MMBench Multimodal Evaluation

Multimodal evaluation benchmark combining image understanding with multiple-choice questions, based on MMBench (Liu et al., ECCV 2024). Annotators answer image-based questions, provide explanations, and tag the required perception or reasoning skills.

Fichier de configurationconfig.yaml

# MMBench Multimodal Evaluation
# Based on Liu et al., ECCV 2024
# Paper: https://arxiv.org/abs/2307.06281
# Dataset: https://github.com/open-compass/MMBench
#
# Multimodal evaluation benchmark combining image understanding with
# multiple-choice questions. Tests a variety of visual perception and
# reasoning abilities. Annotators view an image, answer a multiple-choice
# question, explain their reasoning, and tag which skills are required.
#
# Answer Options:
# - A, B, C, D: Four possible answers; exactly one is correct
#
# Skill Tags (select all that apply):
# - Visual Perception: Identifying objects, colors, shapes
# - Spatial Reasoning: Understanding spatial relationships and layouts
# - OCR: Reading text in images
# - Object Recognition: Identifying specific objects or entities
# - Scene Understanding: Comprehending the overall scene or context
# - Knowledge: Requiring external knowledge beyond what's visible
#
# Annotation Guidelines:
# 1. Examine the image carefully
# 2. Read the question and all four options
# 3. Select the correct answer
# 4. Explain your reasoning
# 5. Tag which visual/reasoning skills are needed

annotation_task_name: "MMBench Multimodal Evaluation"
task_dir: "."

data_files:
  - sample-data.json

item_properties:
  id_key: "id"
  text_key: "text"

output_annotation_dir: "annotation_output/"
output_annotation_format: "json"

port: 8000
server_name: localhost

annotation_schemes:
  # Step 1: Select the correct answer
  - annotation_type: radio
    name: answer
    description: "Based on the image, select the correct answer."
    labels:
      - "A"
      - "B"
      - "C"
      - "D"
    keyboard_shortcuts:
      "A": "1"
      "B": "2"
      "C": "3"
      "D": "4"
    tooltips:
      "A": "Select option A"
      "B": "Select option B"
      "C": "Select option C"
      "D": "Select option D"

  # Step 2: Explanation
  - annotation_type: text
    name: explanation
    description: "Briefly explain your reasoning for the selected answer."
    textarea: true
    required: false
    placeholder: "Why did you choose this answer?"
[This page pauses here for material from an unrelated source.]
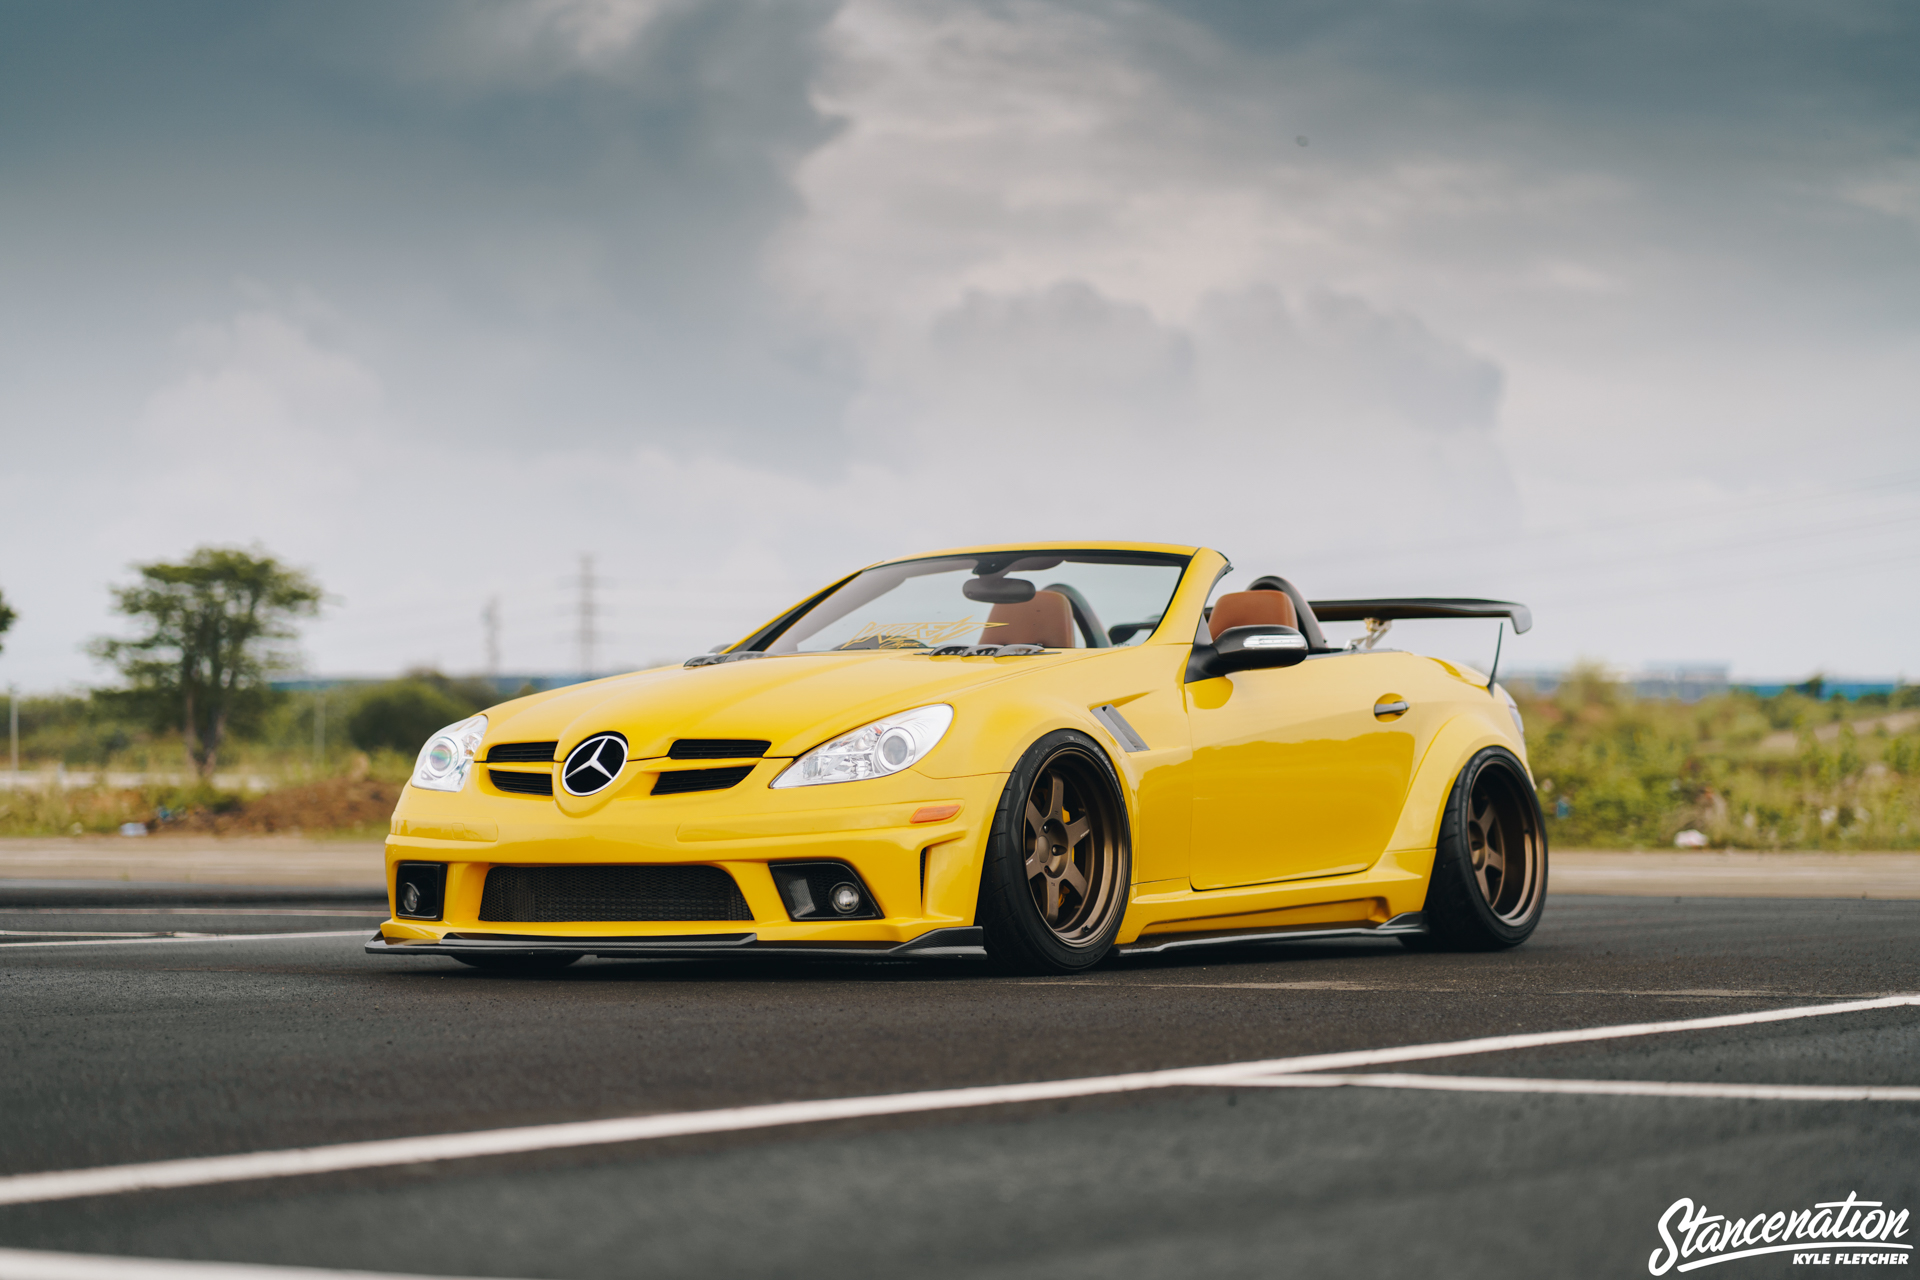 Modified Yellow Mercedes-Benz SLK 200 R171 with Widebody Kit Editorial  Stock Photo - Image of december, jakarta: 273657128

  # Step 3: Required skills
  - annotation_type: multiselect
    name: required_skills
    description: "Which visual or reasoning skills are needed to answer this question? Select all that apply."
    labels:
      - "Visual Perception"
      - "Spatial Reasoning"
      - "OCR"
      - "Object Recognition"
      - "Scene Understanding"
      - "Knowledge"
    tooltips:
      "Visual Perception": "Identifying basic visual attributes like colors, shapes, sizes"
      "Spatial Reasoning": "Understanding spatial relationships, positions, and layouts"
      "OCR": "Reading or recognizing text visible in the image"
      "Object Recognition": "Identifying specific objects, animals, or entities"
      "Scene Understanding": "Comprehending the overall scene, context, or activity"
      "Knowledge": "Requiring external knowledge beyond what is visible in the image"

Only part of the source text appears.